The optimal condition for (18)F-MAA preparation is coupling MAA (0.5mg) with (18)F-SFB at 45°C for 5 min in a phosphate buffer of pH 8.5. (18)F-MAA was prepared in 60 min with high radiochemical yield (30%-35%) and high radiochemical purity (>95%). The in vivo distribution of (18)F-MAA after intravenous injection meets the specifications of MAA depicted in European Pharmacopeia. Our study demonstrated excellent correlation between (18)F-MAA and (99m)Tc-MAA in the regional distribution of tumor, liver and lungs (R(2)=0.965, 0.886 and 0.991, respectively), and also in the tumor-to-liver and tumor-to-lungs ratio (R(2)=0.965 and 0.987, respectively) in a N1S1 hepatoma-bearing SD rat model. The organ uptakes derived from animal PET/CT and SPECT/CT imaging after administration of these two tracers were in accordance with those obtained in the distribution studies.

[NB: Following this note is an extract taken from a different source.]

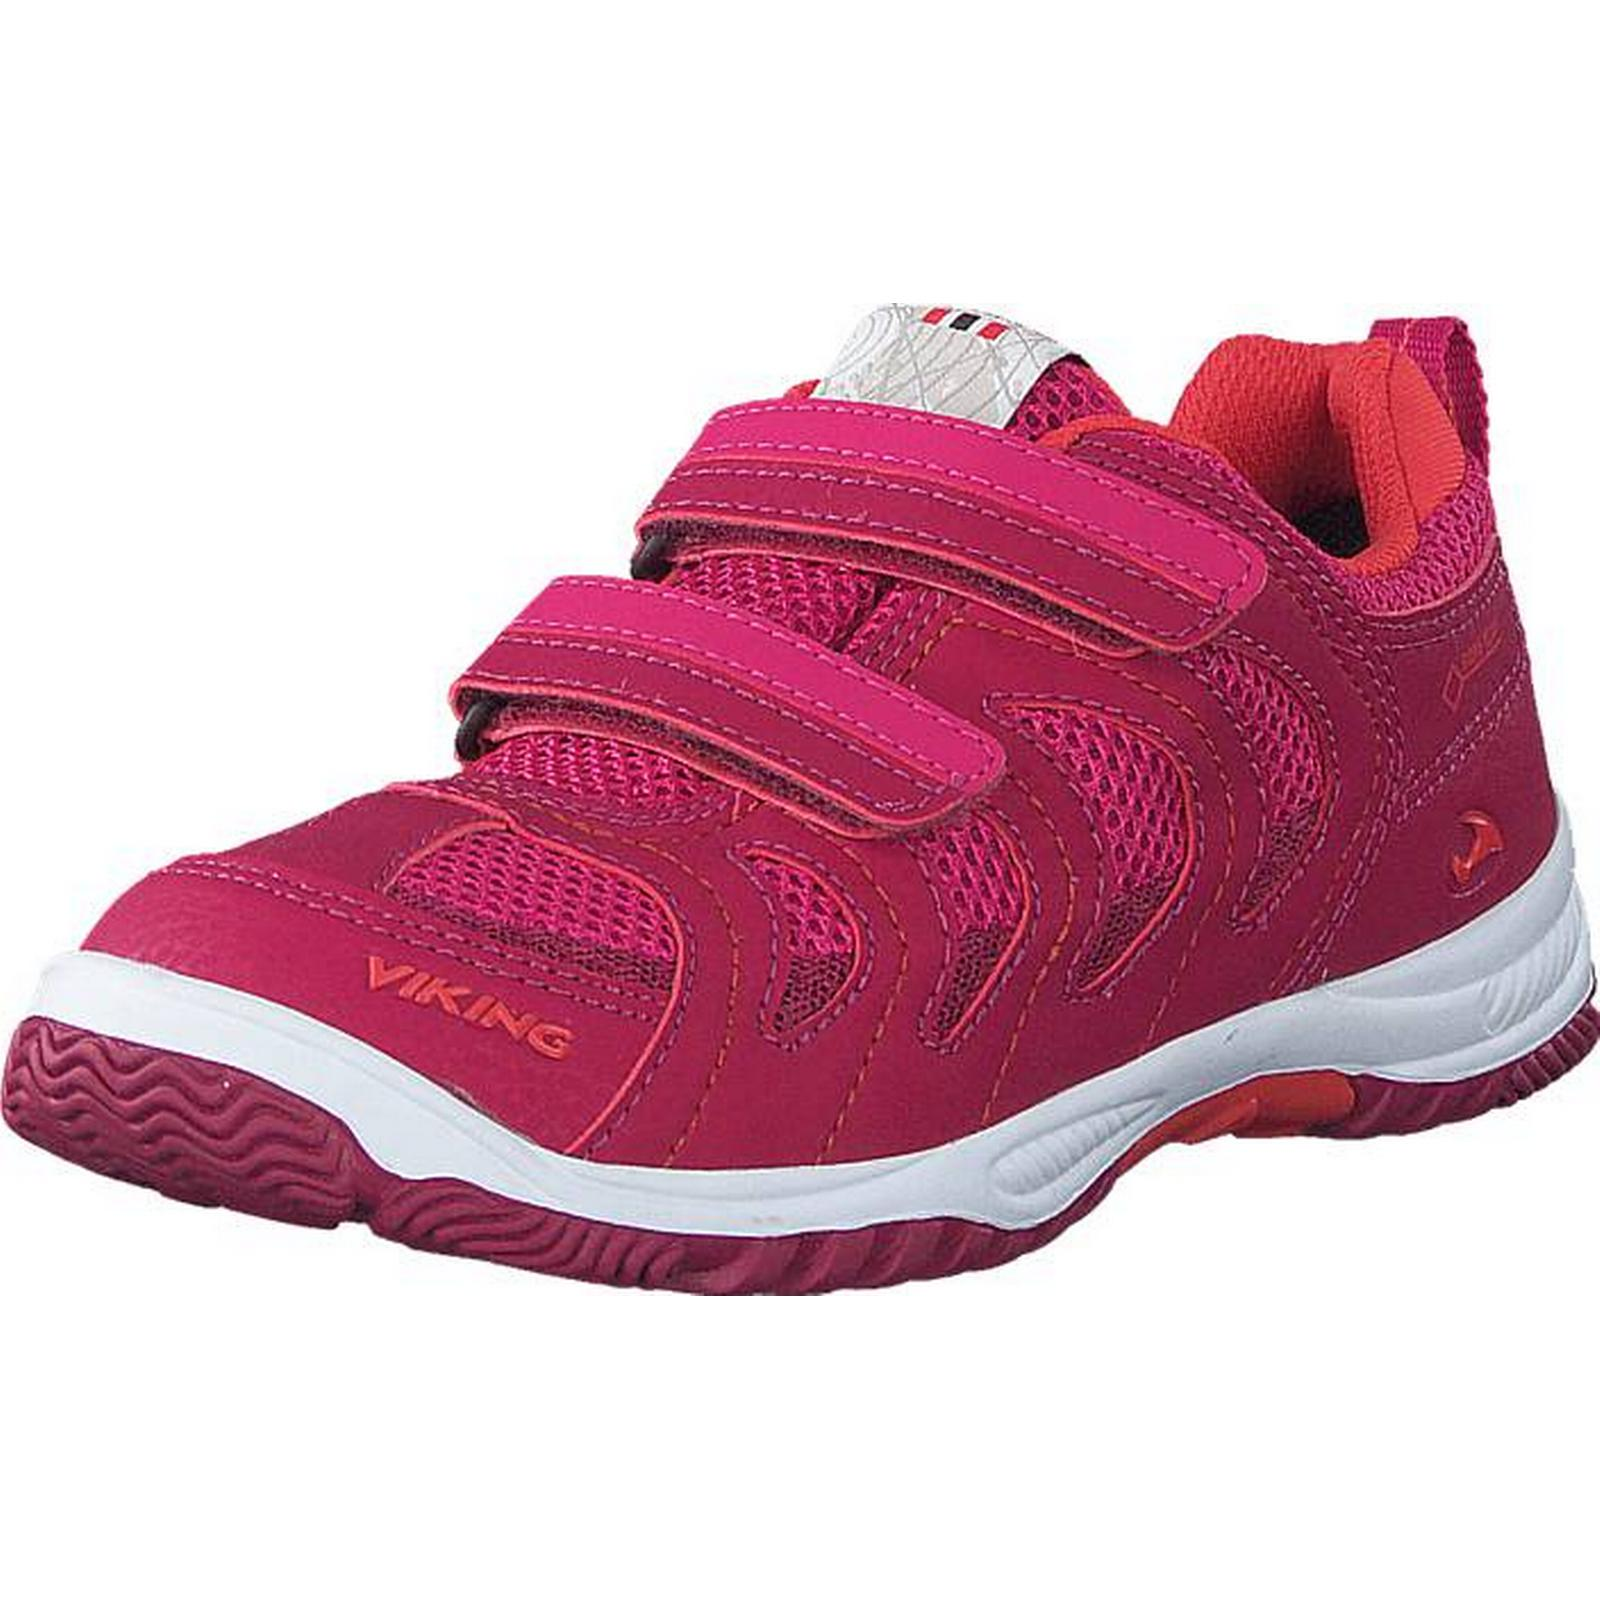 Viking Cascade II Gore-Tex® Fuchsia/Dark Pink, Pink, Fuchsia/Dark Shoes, Trainers & Sport Shoes , Walking Shoes, Pink, Unisex, 25 91f5df

Starting from commercial MAA kit, an efficient preparation of (18)F-MAA was successfully established. Highly correlated, almost parallel, regional distribution of (18)F-MAA and (99m)Tc-MAA in both normal rats and hepatoma-bearing rats was observed. The findings, taken together, demonstrate that (18)F-MAA is an ideal surrogate for (99m)Tc-MAA for clinical PET applications.
(99m)Tc 标记的巨聚合白蛋白((99m)Tc-MAA)闪烁扫描术常用于肺灌注成像,以及评估 90Y 标记的 SIR-Spheres 在选择性内部放射治疗肝细胞癌之前的体内分布。正电子发射断层扫描(PET)成像在灵敏度、空间分辨率和定量准确性方面优于伽马闪烁扫描。这项研究表明,(18)F 标记的巨聚合白蛋白((18)F-MAA)是(99m)Tc-MAA 的理想 PET 成像替代物。
通过 N-琥珀酰亚胺基 4-(18)F-氟代苯甲酸酯((18)F-SFB)与商业 MAA 试剂盒中的 MAA 进行一步偶联,制备(18)F-MAA。在静脉注射(18)F-MAA/(99m)Tc-MAA 后,在正常 SD 大鼠中进行了(18)F-MAA 的生物分布研究和 microPET/microSPECT 成像。在 N1S1 肝癌荷瘤 SD 大鼠模型中,通过肝内动脉共注射,对这两种示踪剂进行了比较研究。
(18)F-MAA 制备的最佳条件是在 pH8.5 的磷酸盐缓冲液中,在 45°C 下将 MAA(0.5mg)与(18)F-SFB 偶联 5min。(18)F-MAA 在 60min 内即可制备完成,具有较高的放射化学产率(30%-35%)和较高的放射化学纯度(>95%)。静脉注射(18)F-MAA 后的体内分布符合欧洲药典中 MAA 的规定。我们的研究表明,在 N1S1 肝癌荷瘤 SD 大鼠模型中,(18)F-MAA 与(99m)Tc-MAA 在肿瘤、肝脏和肺部的区域分布(R2=0.965、0.886 和 0.991)以及肿瘤-肝脏和肿瘤-肺部的比值(R2=0.965 和 0.987)上具有极好的相关性。从这两种示踪剂给药后的动物 PET/CT 和 SPECT/CT 成像中获得的器官摄取与分布研究中获得的结果一致。
从商业 MAA 试剂盒出发,成功建立了(18)F-MAA 的高效制备方法。在正常大鼠和肝癌荷瘤大鼠中,(18)F-MAA 和(99m)Tc-MAA 的区域分布高度相关,几乎呈平行分布。这些发现表明,(18)F-MAA 是用于临床 PET 应用的(99m)Tc-MAA 的理想替代物。